Ouais, je vais parler de ce jeu qui prend la poussière dans ma bibliothèque (oui, je range mes jeux dans une bibliothèque). A l’époque, c’était juste un prêt de mon voisin du dessus (voisin qui reviendra très souvent dans mes histoires de jeux vidéos, parce que ça ne sera pas la dernière). Moi, j’adorais les jeux de rôle. Et lui, il comprenait rien du tout à celui là. J’ai fait : « Bon, OK, je te prête Sonic 2 en échange, je vais voir ce que j’en pense… »

C’est ainsi que je me suis retrouvée avec la cartouche de jeu Megadrive de Super Hydlide.

J’allume la console. Superbe musique avec une super intro à laquelle je n’y comprend rien vu que tout est en anglais (il faut savoir qu’à l’époque, je n’étais pas encore au collège, donc pas de cours d’anglais pour moi). Je fais une nouvelle partie, je peux créer un nouveau perso. Cool. Je l’appelle Link et j’en fait un Warrior, parce que c’est le seul mot que je comprenais. Ça voulait dire Guerrier, et pour moi c’était suffisant.

Ouah, je me retrouve dans un village. La musique déchire (au point que j’en ai prit l’OST dernièrement). Par contre, on peut pas en dire autant des graphismes. C’est moche. Y’a les stats du perso sur le côté. J’ai une barre de vie ridicule mais c’est pas grave. J’approche des gens avec qui je parle, mais je ne comprend rien du tout parce que c’est en anglais. Et ouais. Pas grave, me dis-je. Je sors du village moche.

Je me retrouve sur un espèce de terrain marron avec des monstres en forme de plantes et de blob qui trainent un peu partout. Cool. J’vais faire un peu de baston. Je m’approche et je vois ma barre de vie descendre dangereusement. Vite il faut que je me barre avant de crever bêtement ! J’essaie de prendre la fuite, mais les monstres me lancent des trucs et je m’en prend plein la tronche jusqu’au fatidique Game Over.

Ah ouais. Mon bonhomme est juste tout rouge, et y’a écrit GameOver à la place de Status. OK. C’est simple. Me voici alors de retour à l’écran titre. Bon, essayons de refaire un personnage, mais avec une classe au hasard. Thief. Ca veut dire quoi ça ? J’en sais rien et je m’en fout, je veux juste comprendre comment on joue à ce jeu.

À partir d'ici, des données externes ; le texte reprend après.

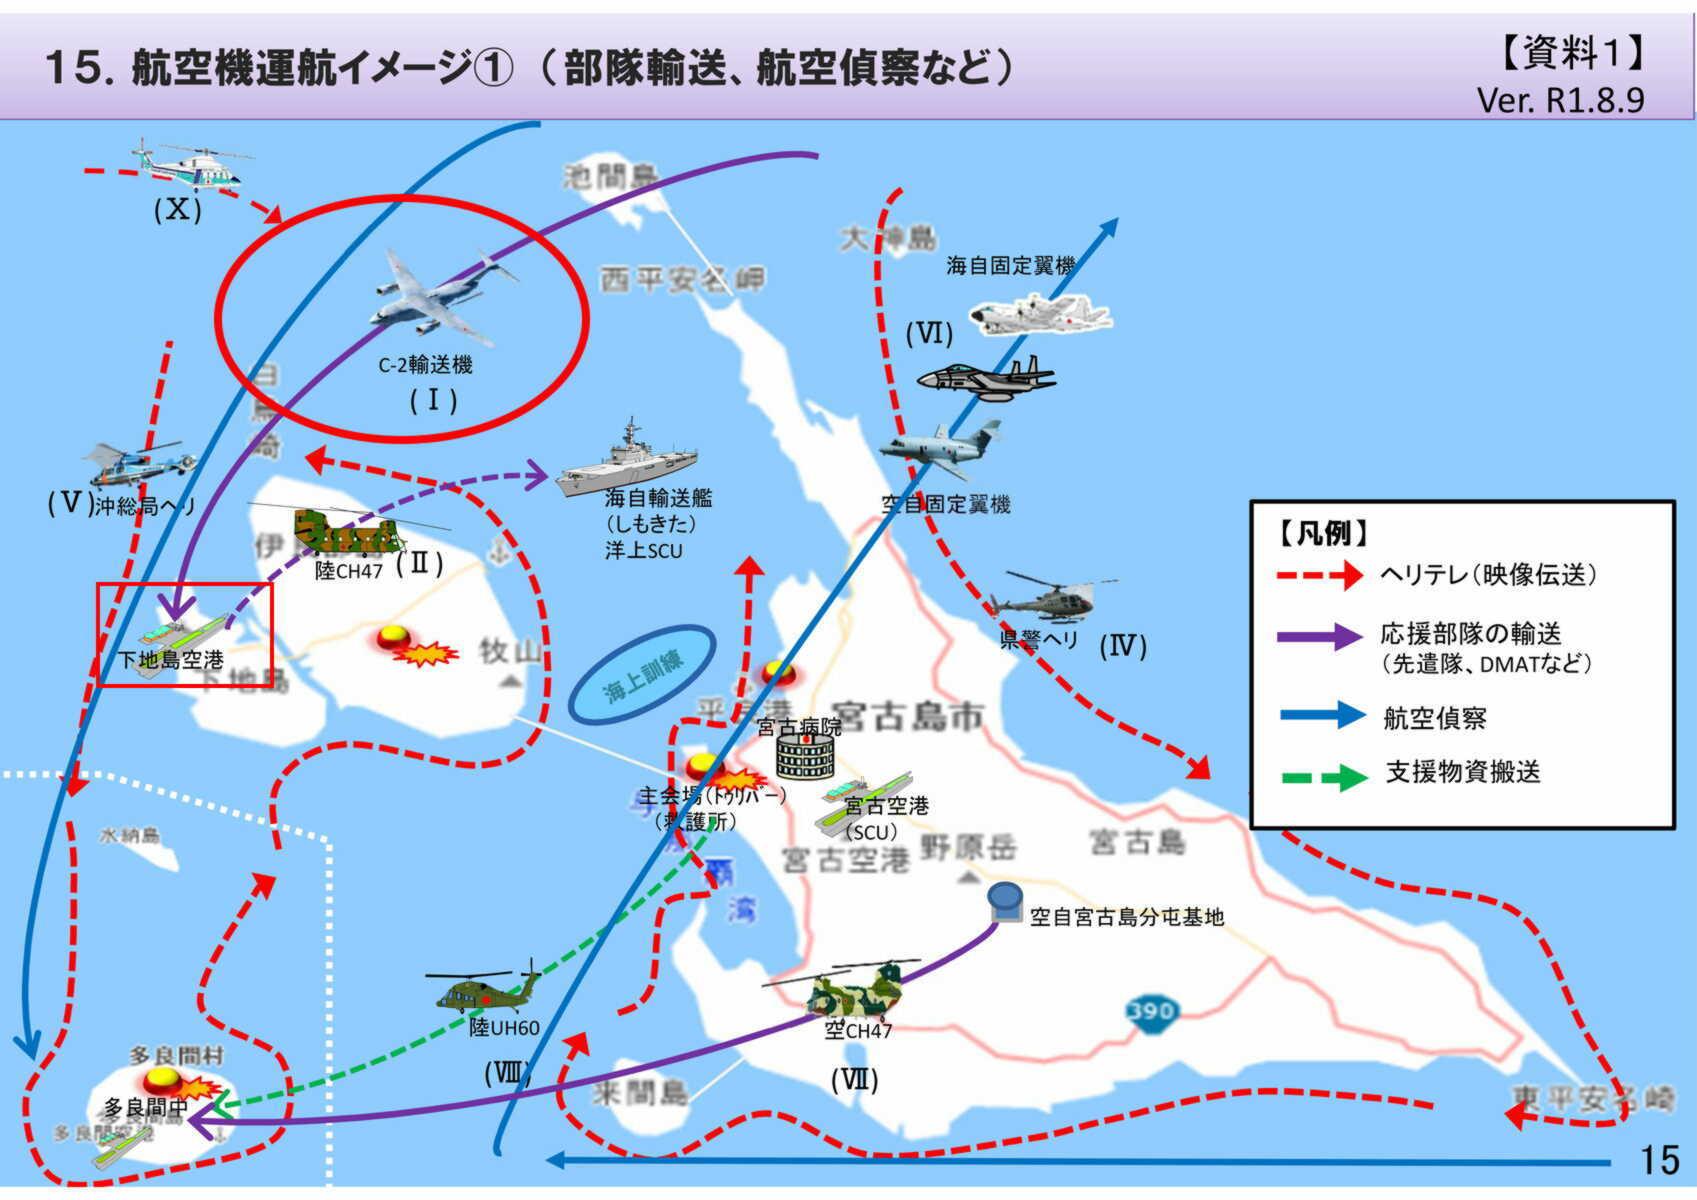 2019 0901県防災訓練実施計画概要0016b

Je ressors sur la carte et je me balade en évitant les monstres. Ouais. Super. Sauf que je tombe dans un cratère comme une andouille. Et c’est repartit pour créer un nouveau perso. Hop, wizard. Je sais pas et j’en ai rien à battre. On repart sur la carte. Au bout de quelques minutes, même quand on se fait pas toucher par des monstres, la barre de vie descend. Mon perso est soit disant Hungry. Bah si il veut, c’est son problème.  Et je suis morte dans le village. Je crois que j’ai éteins la console à ce moment là tellement ça me saoulait.

Depuis, je relance de temps en temps Super Hydlide. Pour les musiques, pas pour jouer. Quand à mon voisin du dessus, il n’a pas voulut le récupérer. Mais il m’a rendu Sonic 2.